The Oraglass Silhouette, a new venture within the women empowerment space is an intervention in response to the findings of studies conducted by the founder, Oratiloe Tshehla and other researchers.
With women reported to be still lagging behind on issues of development, the Oraglass Silhouette has taken a stance to enhance economies of scale by empowering women and bringing them on board for the propelling business case it presents.
Clearly, for South Africa and even the world to operate optimally in growing economies, it will take the maximum usage of the available human capital – both women and men.
With women only entering markets now, their empowerment remains key on the agenda. Thus, help-seeking regressive mentalities such as Mrs Mugabe’s should receive the Oraglass Silhouette first aid intervention as a matter of urgency for progress sake.
The picture below, is the Oraglass Silhouette public art work that aims among others, to ignite meaningful public engagement on issues pertinent to gender equality especially as a propelling business case and to educate those who do not know the African culture in terms of, from where comes the African woman and a miniskirt; those who have no clue that a miniskirt actually originate from the African roots.
Lebole as it was called in Sepedi; an ancient African miniskirt made from strips of animal skin and I am sure Zulus and other ethnic groups had their version of it. A miniskirt is therefore not at all a new thing to an African woman nor the African culture and it should not be taken out of context today by those whose minds needs to be born again and transformed for humanity sake.

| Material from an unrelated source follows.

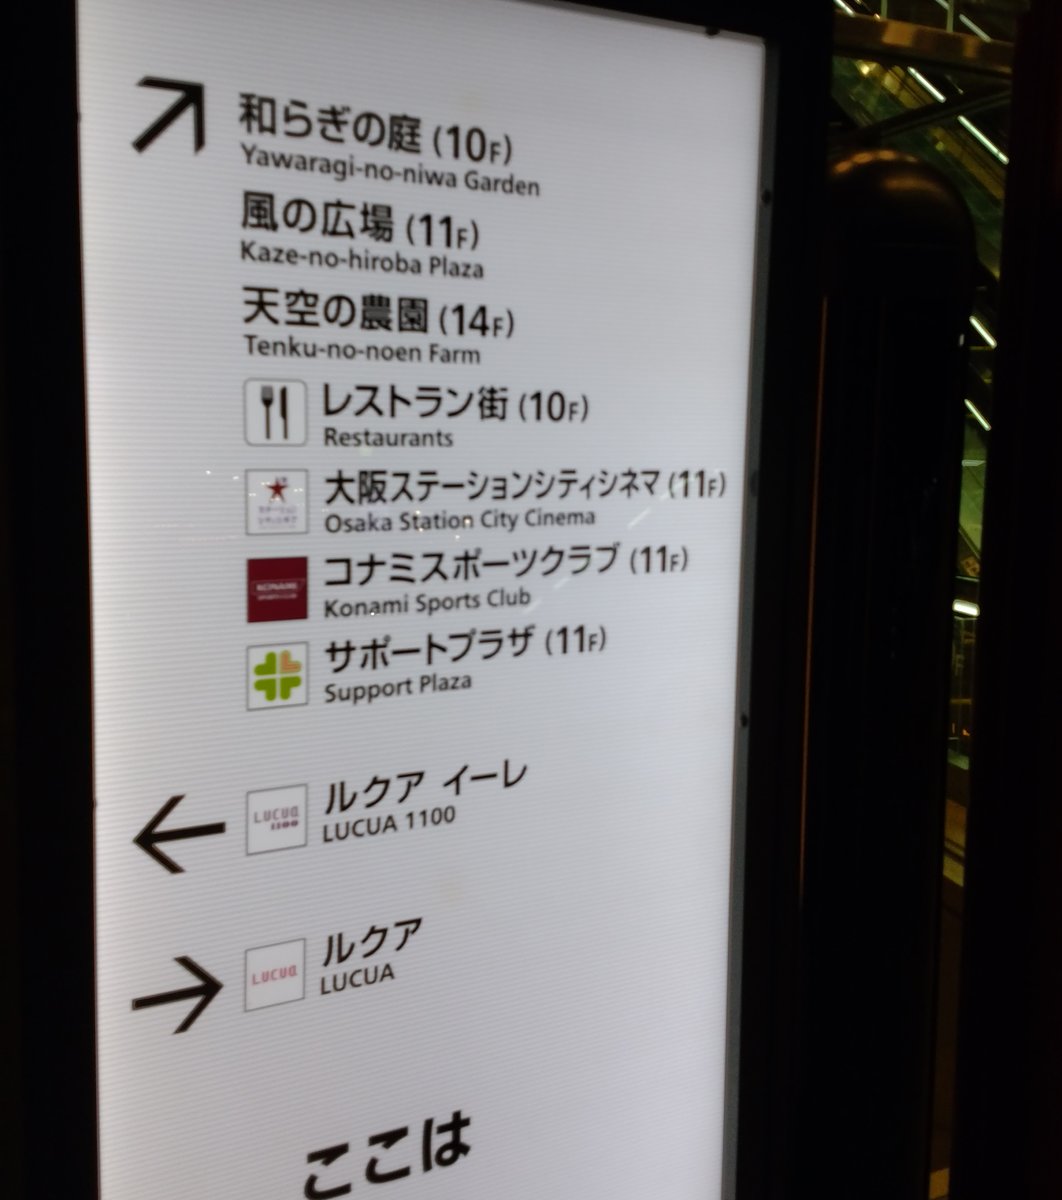 大阪ステーションシティシネマ

Real Pedi men tells of how at that time back then, girls would dress up just in lebole, take their calabashes down the river to fetch water or to the bush to collect wood for fire and there would be no one boy to even think of looking lustfully at them because it was the norm, they would innocently appreciate the outlook beauty without attaching any strings and there were no such devastating rape cases seen today.
This makes a miniskirt part of an African woman’s being, it comes inherently within her because of that ancient African designer who had lebole put together and said, “it is good for an African girl”. Thus, a miniskirt cannot be turned today into a scapegoat to condone the barbaric acts of those whose minds require real circumcision.
Mrs Mugabe and everyone else who sees these things through her lenses need to re-learn these invaluable factors of the African culture to save themselves this embarrassment of identity chaos they find themselves in for it is purely not African to think in the way they do and the Oraglass Silhouette could not be such a perfect means of intervention for this call.